Images are to be excluded, and the rest of the data repeated exactly.

# [DATA BELOW]
-=-=-

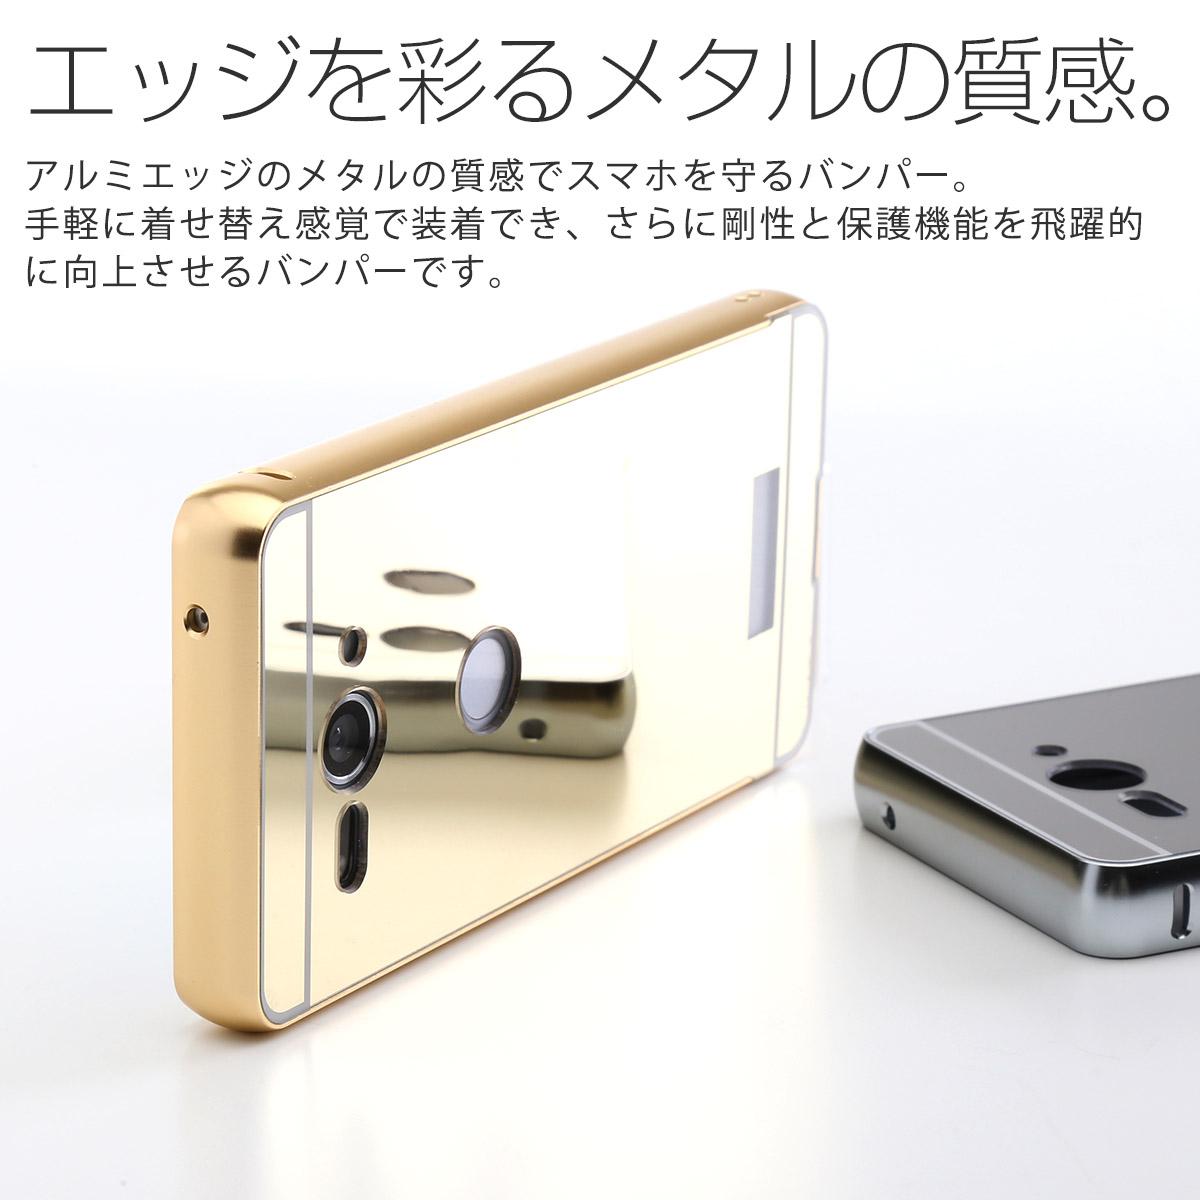 Xperia XZ2 Compact 背面パネル付きバンパーメタルケース
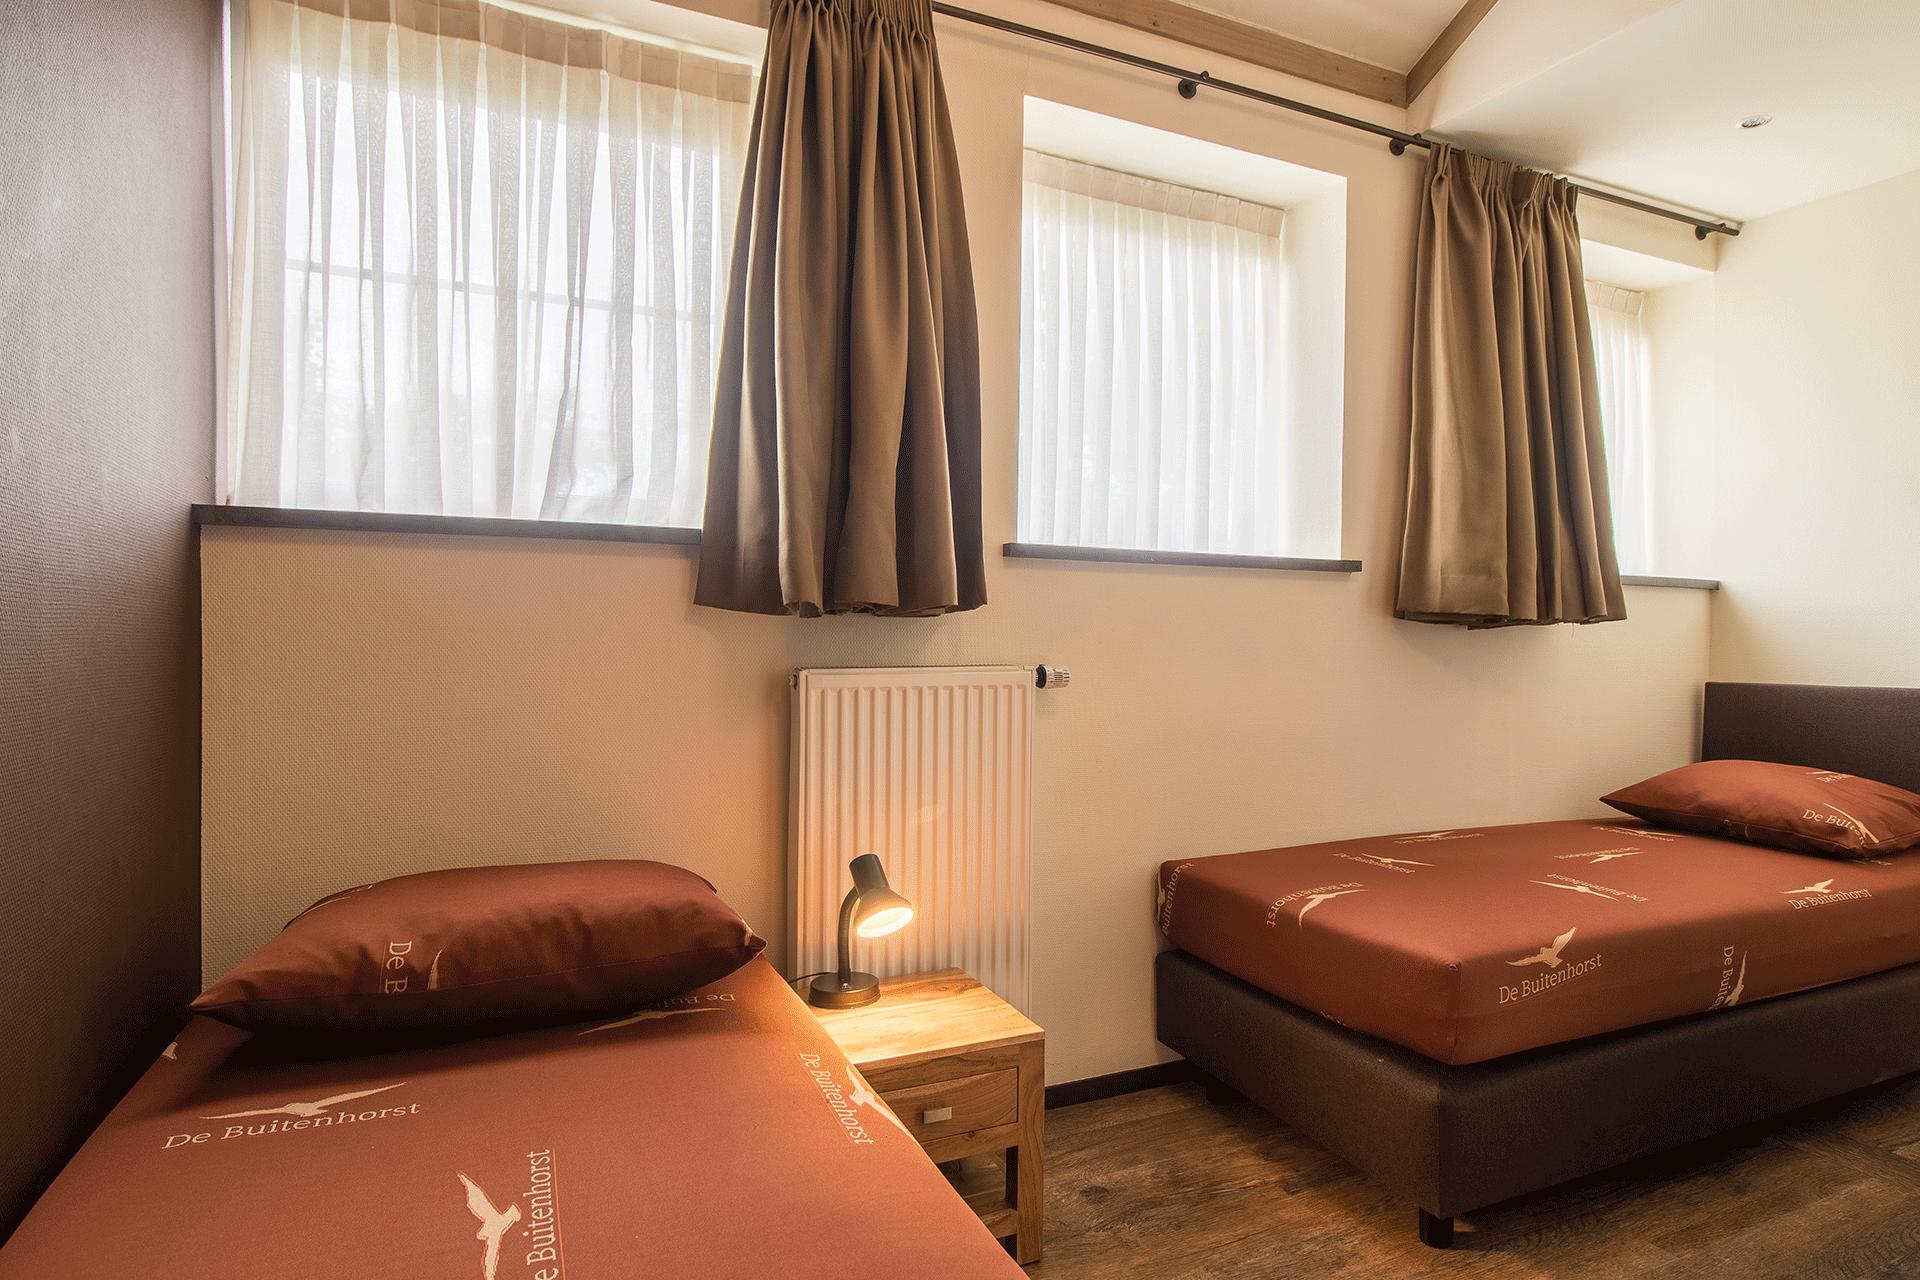 Slaapkamer-1-Ouwe-Stal
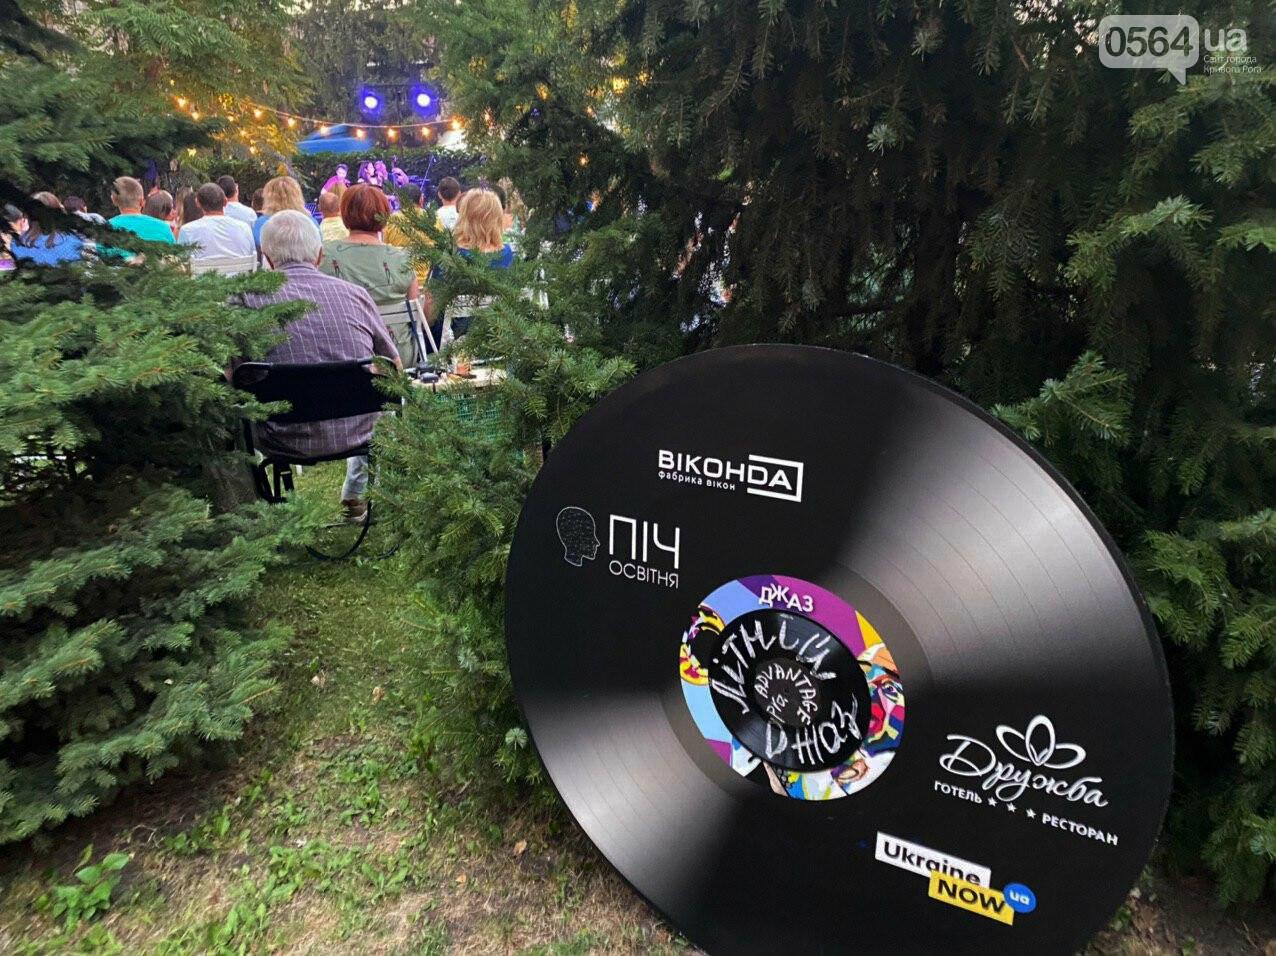 Под звездным небом криворожане наслаждались летним джазом от  Advantage Project, - ФОТО, ВИДЕО , фото-26

-=-=-

# [COMPLETED TASK]
 Xperia XZ2 Compact 背面パネル付きバンパーメタルケース
 Slaapkamer-1-Ouwe-Stal
 Под звездным небом криворожане наслаждались летним джазом от  Advantage Project, - ФОТО, ВИДЕО , фото-26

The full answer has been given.